Charley assured me the committee would make its decisions by tomorrow and all Christmas players would be called in the following day to begin training. They would have to, with these ambitious plans for Santaland, including musical productions, skaters, sleigh rides for children. He spoke so fast some of the details flew by me, but it was clear that Rossman's was planning a festive debut in the Christmas shopping arena.
“Can we see the space that will be used for Toyland?” ZZ asked as we were both getting ready to leave at the same time.
“I wish.” Charley rolled his eyes. “We can't even get into our offices until tomorrow, something about building inspections, but that'll all be settled by the time you report in.”
“Okay, then. Till Wednesday.” ZZ stood tall, saluted Charley, then headed out.
I walked a few paces behind him, not really eager to catch up and strike up a conversation. But when he paused at the door to hold it for me, I hurried ahead.
“You seem confident about getting this job,” I said.
“If it's not here, it's somewhere else. I've played Santa for the past twelve years, five of those years at Rossman's Miami. 'Tis the season, Red. Or maybe I should call you Rocky, huh? For the next two months, I'm a hot commodity.” He looked me up and down as we stepped out into the winter sun. “You ever played Mrs. Claus before?”
“Onstage.”
He nodded knowingly.
“Why? Do you think I'll be good at it?”
“Do you like kids?”
I hadn't really thought about that. The truth was, I didn't really know any kids, had no reason to like or dislike them, though when I spotted families with screamers in airport lounges I always crossed my fingers in hopes that I'd be far, far away from them on the plane. The closest I'd come in the past few years was giving autographs to children who waited outside the stage door at Radio City. And I always helped Bobby pick out gifts for his nieces and nephews.
ZZ snorted. “I take that as a no.”
“It's not me, it's them,” I said. “Kids don't like me for some reason. I don't know why.”
“I'd think about that one,” he said, heading over to the curb where a shiny, decked-out Harley was parked. ZZ reached over the bike and unclipped a helmet.
“You're kidding me. That's yours?”
“Need a lift?”
I folded my arms across my chest. “Yeah, but I'd like to make it home alive.”
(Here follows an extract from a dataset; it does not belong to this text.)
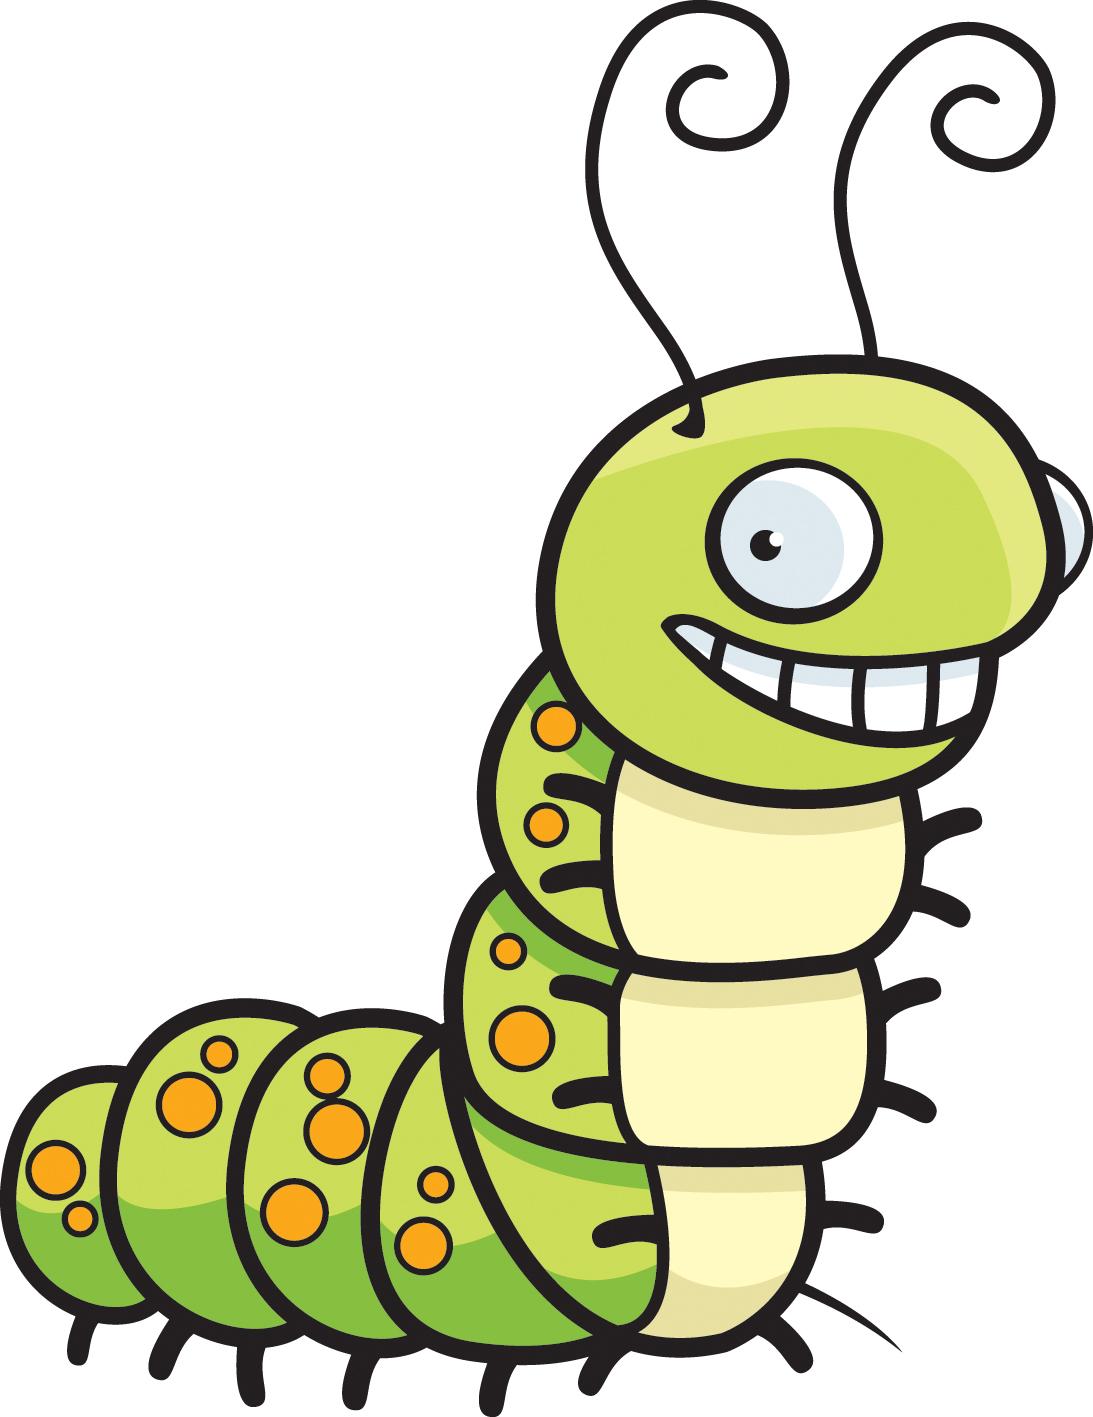 caterpillar cartoon drawing at getdrawings com free for personal rh getdrawings com

“Alive, but not really living.” He swung onto the bike and lifted the kickstand. “Think about it, Rocky.”
“Would you stop calling me that?” I yelled over the grumble of the engine, but ZZ was already balancing the bike, then roaring off, his beard blowing back over one shoulder as the Harley cruised off toward Fells Point.
Enough with the sage Santa. Like I needed advice from a dude on a Harley. I don't know why I even talked to him, anyway, something about the neighborliness of Baltimoreans. In New York people sat shoulder to shoulder with total strangers for a forty-minute subway ride and never made eye contact, but here, if someone made a comment and you didn't answer, they would keep on you until you acknowledged them. I wasn't sure which social code was preferable.
As the sun had melted the chill in the air and warmed the brick paving stones underfoot, I stood in front of the new Rossman's building and decided to check my messages. If one of my friends was available for lunch, it wasn't worth the bus trip home right now. The pitfalls of not having a car in Baltimore, a city where most residents owned a car, sometimes two.